La educación en Hakuba refleja su combinación de tradición y visión global. Dos escuelas primarias y una secundaria funcionan bajo la autoridad municipal, mientras que una escuela secundaria prefectural ofrece educación secundaria superior. Está previsto que una nueva institución, Hakuba International School, abra sus puertas como internado, aplicando el currículo del Bachillerato Internacional con énfasis en la vida sostenible, un complemento ideal para una comunidad definida por su entorno montañoso.
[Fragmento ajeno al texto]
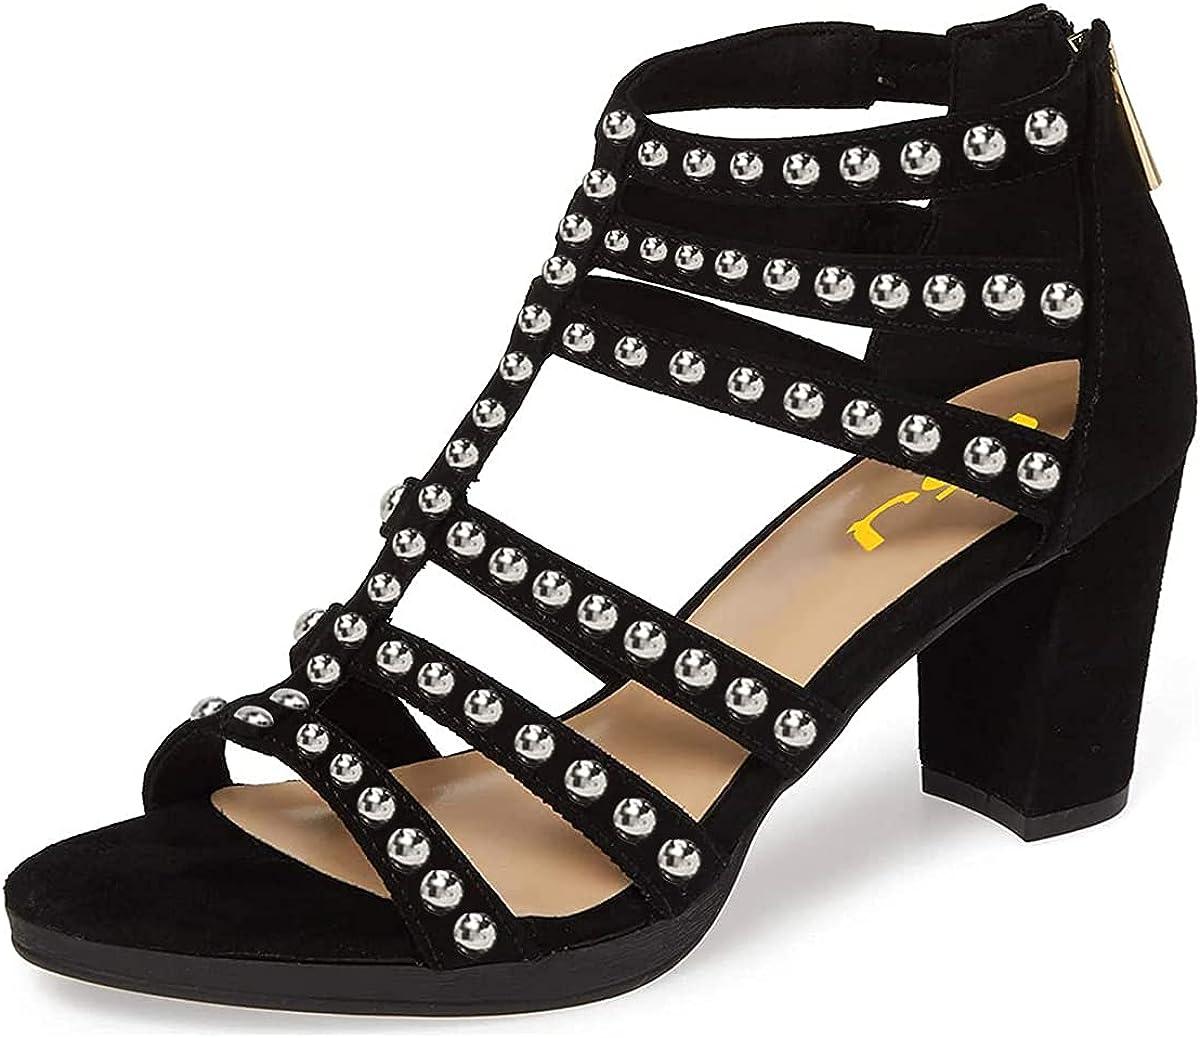 FSJ Women Chunky Mid Popular overseas High Heel Open Toe T-Strap Cu 100% quality warranty! Pumps Sandals

Las conexiones de transporte subrayan la posición única de Hakuba en la confluencia del océano, la llanura y las tierras altas. La línea JR Ōito da servicio a tres estaciones de pueblos; un tren expreso limitado Super Azusa conecta Shinjuku con Hakuba en tres horas y cuarenta y cinco minutos por ¥8,070, con servicios alternativos de Azusa que completan el trayecto en unas cuatro horas. Un transporte más rápido combina el recorrido de 105 minutos del Tōkaidō Shinkansen a Nagano (¥8,170) con un viaje en autobús de 65 minutos (¥1,500) —aunque el último autobús sale a las 20:30— y totaliza aproximadamente dos horas y media. Durante la temporada de esquí, los autobuses expresos ofrecen un servicio cada hora desde la estación de Nagano (¥1,400) y los traslados directos desde Shinjuku salen cada dos o tres horas (ida y vuelta ¥8,500). En invierno también llega el Nagano Snow Shuttle desde el aeropuerto de Narita. Dentro del valle, los autobuses nocturnos conocidos como “Genki-Go” funcionan de diciembre a marzo y conectan alojamientos y complejos turísticos por ¥300 por viaje; en verano se prefieren las bicicletas y los senderos para caminar, con el apoyo de albergues que ofrecen servicios de alquiler.

A pesar de su reputación mundial como meca del esquí, y su fama más reciente como lugar de retiro veraniego, Hakuba mantiene sus raíces en su entorno alpino. Las temperaturas aquí son notablemente más bajas que en la costa pacífica de Japón, mientras que los picos de granito, los densos bosques y los arroyos alimentados por el hielo imponen una serena grandeza. Quienes llegan buscando únicamente nieve polvo pueden marcharse con una sensación de lugar más amplia: una apreciación de las rutas comerciales centenarias, los patrones de asentamiento en evolución y una comunidad viva que equilibra la modernidad con los ritmos de la vida en la montaña. En cada estación, el terreno de Hakuba invita tanto al desafío como a la reflexión; sus laderas y senderos son un recordatorio de que la actividad humana a menudo sigue el contorno del terreno.